Doch was da bewältigt wurde, ist ja nicht das absehbare Schockerlebnis, das der Einbruch ökonomischer Rationalität in die gegängelt-behütete DDR-Gesellschaft bewirken wird. Bewältigt wurde bislang lediglich der Papierkram im Zusammenhang mit der Währungs-, Wirtschafts- und Sozialunion. Birgt das Experiment selbst unzweifelhaft ökonomische Risiken, so bedeutet die Art und Weise seiner politischen Durchsetzung eine schwere politische Hypothek für das entstehende Gesamtdeutschland. Abgesehen davon, daß die gerade erstmals demokratisch legitimierte Volkskammer mit dem Staatsvertrag einen entscheidenden Teil ihrer gesetzgeberischen Souveränität sogleich an die Bundesregierung abgab, degradierte sich das Parlament mit der paketweisen Übernahme bundesrepublikanischer Gesetze nahezu widerstandslos zur bloßen Abstimmungsmaschine. Was die Kommentatoren nach jedem Plenum mit den Worten „keine Sternstunde des Parlaments“ noch wohlwollend umschrieben, war nichts anderes als seine wissentliche Kapitulation vor den deutsch-deutschen Regierungsvorgaben.
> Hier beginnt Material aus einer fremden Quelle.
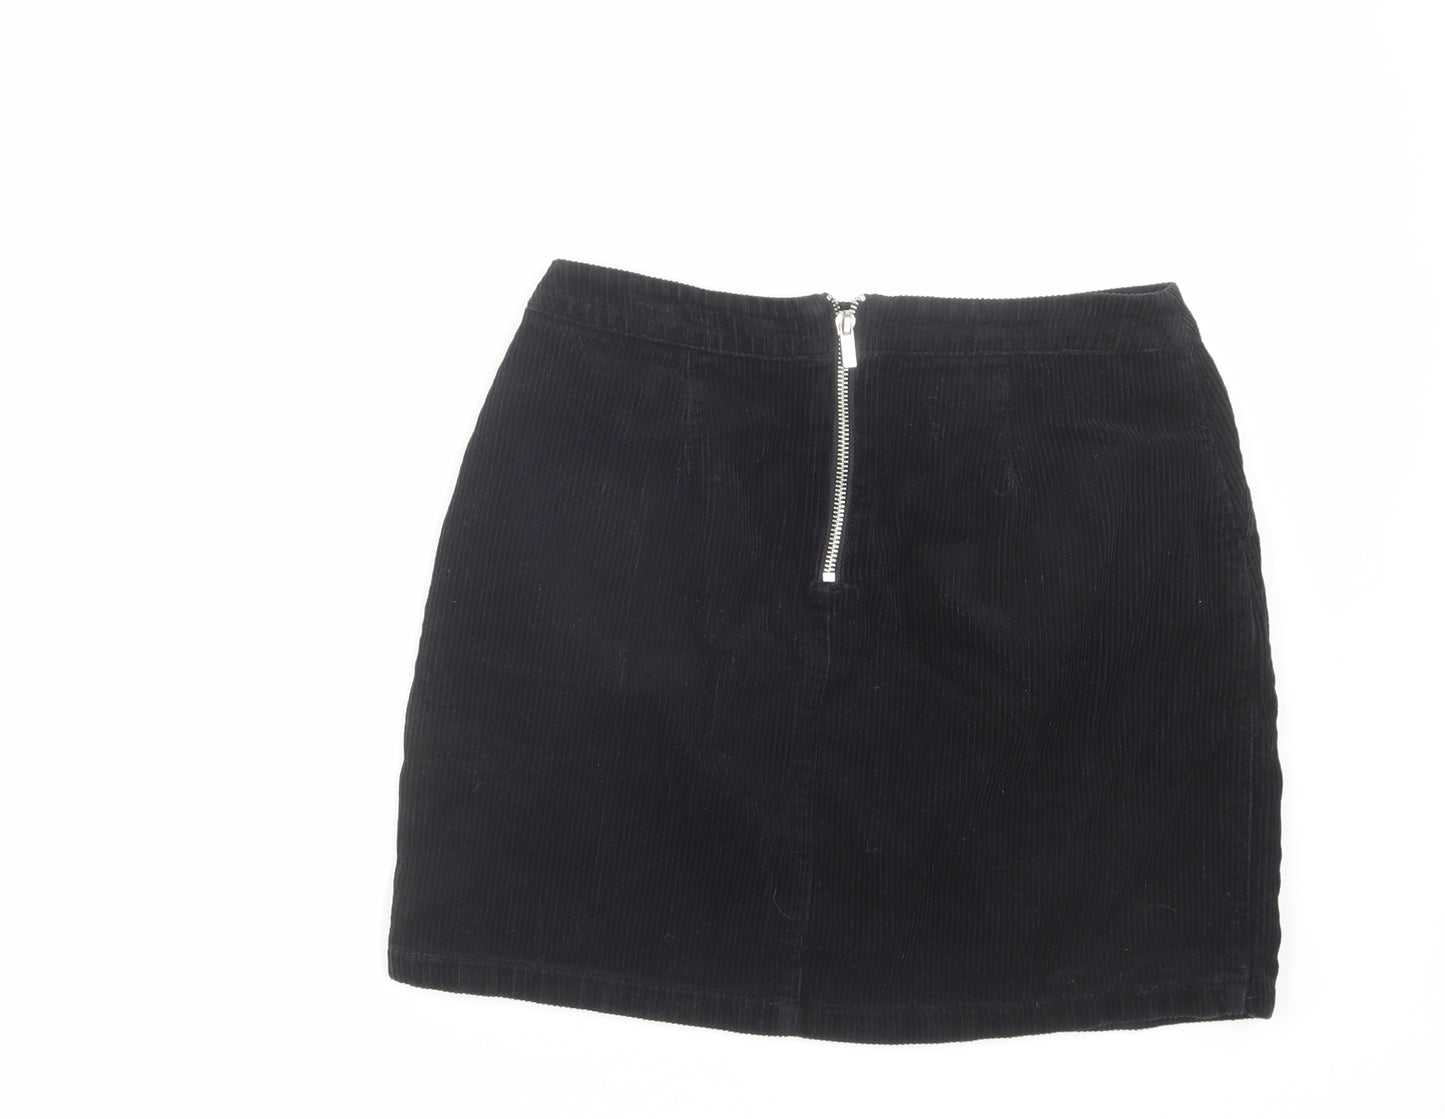 New Look Womens Black Cotton Mini Skirt Size 8 Zip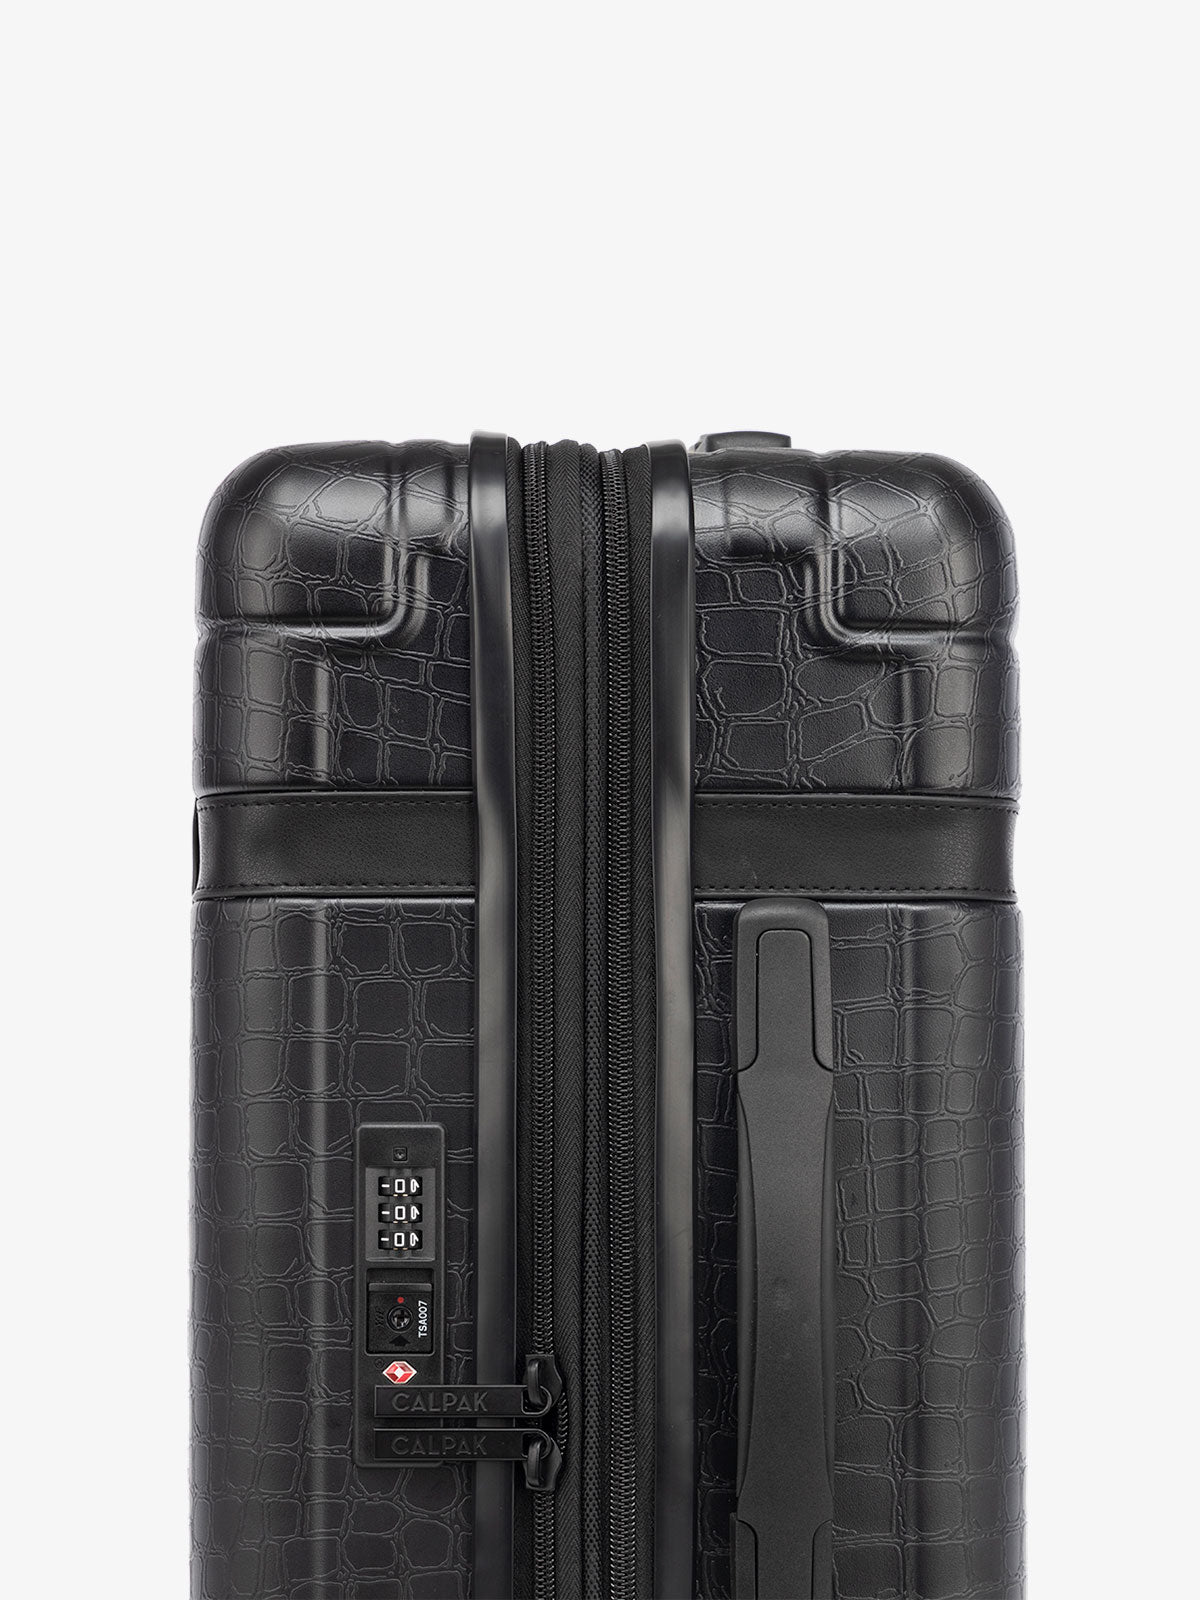 CALPAK TRNK checked black luggage with TSA approved locks

In politischer Hinsicht ist so das 1:1 schon vor seiner Inkraftsetzung teuer erkauft. Mit der ständigen Unterschreitung der ohnehin nicht hohen parlamentarischen Standards der BRD sind von der Volkskammer kaum positive Impulse für die politische Kultur des Einheitsstaates zu erwarten. Es ist zu befürchten, daß das Ostberliner Übergangsstück neue Maßstäbe für den gefügigen gesamtdeutschen Parlamentarier setzt. Die Herbst-Hoffnung jedenfalls, das erzwungene Ende des SED-Regimes werde einen gesamtdeutschen Demokratieschub bewirken, ist aus den jüngsten Erfahrungen kaum ableitbar.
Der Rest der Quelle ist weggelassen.